AWS Textract is a powerful text and data extraction tool that can be used to extract text and data from documents. This article will show you how to use AWS Textract to extract text and data from documents.
- Start by opening the AWS Textract console.
- In the console, click on the “Create” button.
- In the “Name” field, enter “Textract”.
- In the “Description” field, enter a brief description of what you want to extract from the document. For example, you could say that you want to extract all words in a document, or all sentences in a document.
- In the “Usage” field, enter a brief description of how you plan to use Textract in your application or project. For example, you might want to use Textract to extract images or videos from documents.
- In the “Country Code” field, enter the country code of your document’s source country (for example United States). This will help Amazon Textract identify and extract text and data from documents in that specific country!
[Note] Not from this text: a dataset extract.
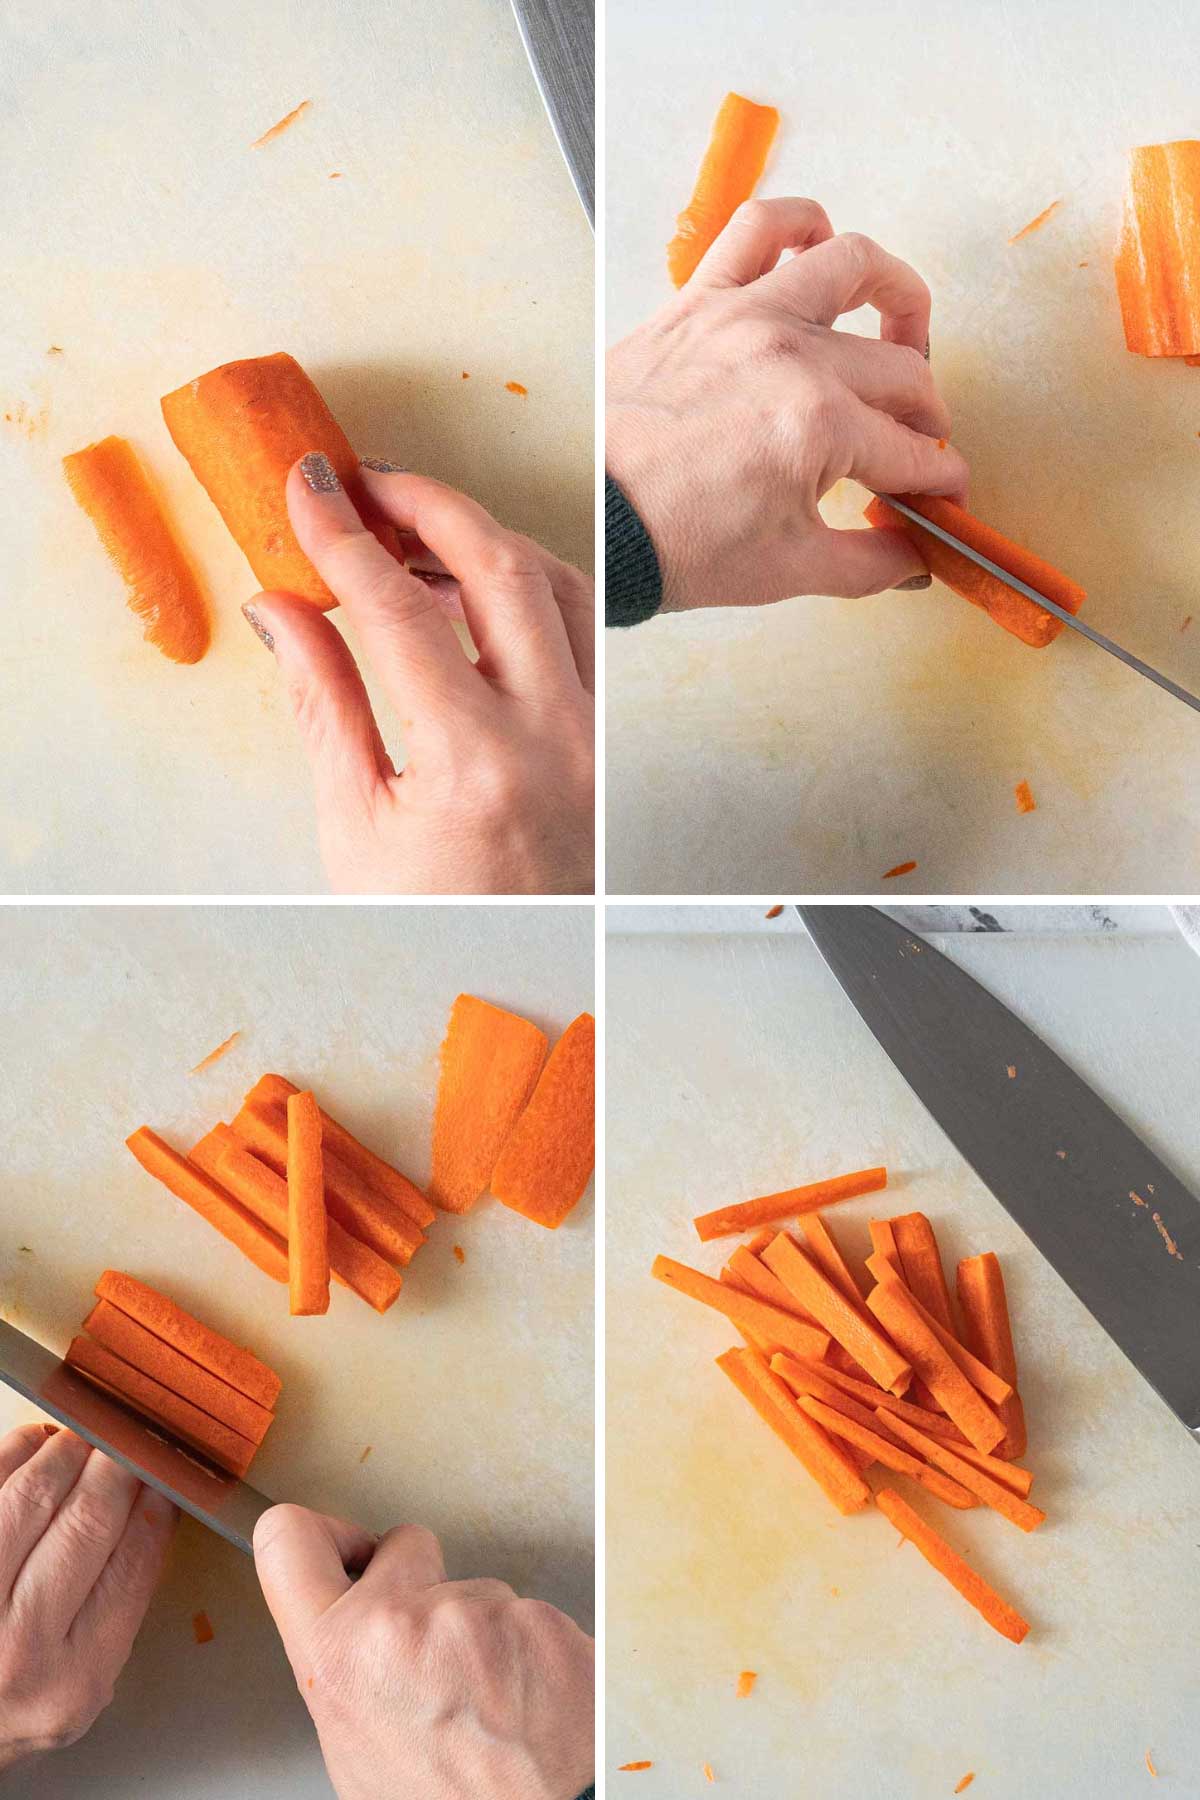 Cutting carrots into matchsticks.

- Click on the “Create” button and wait for Amazon Textract to start extracting text and data from your document!
Many companies use human workers to do manual data entry on forms, applications, and other physical documents. While this is very accurate, it’s slow and costly. AWS Textract uses machine learning to automate this process.
Why Use AWS Textract?
Textract certainly isn’t the only Optical Character Recognition tool—there are plenty of open source solutions available for free, such as Tesseract OCR. You can read our guide to using that to learn more.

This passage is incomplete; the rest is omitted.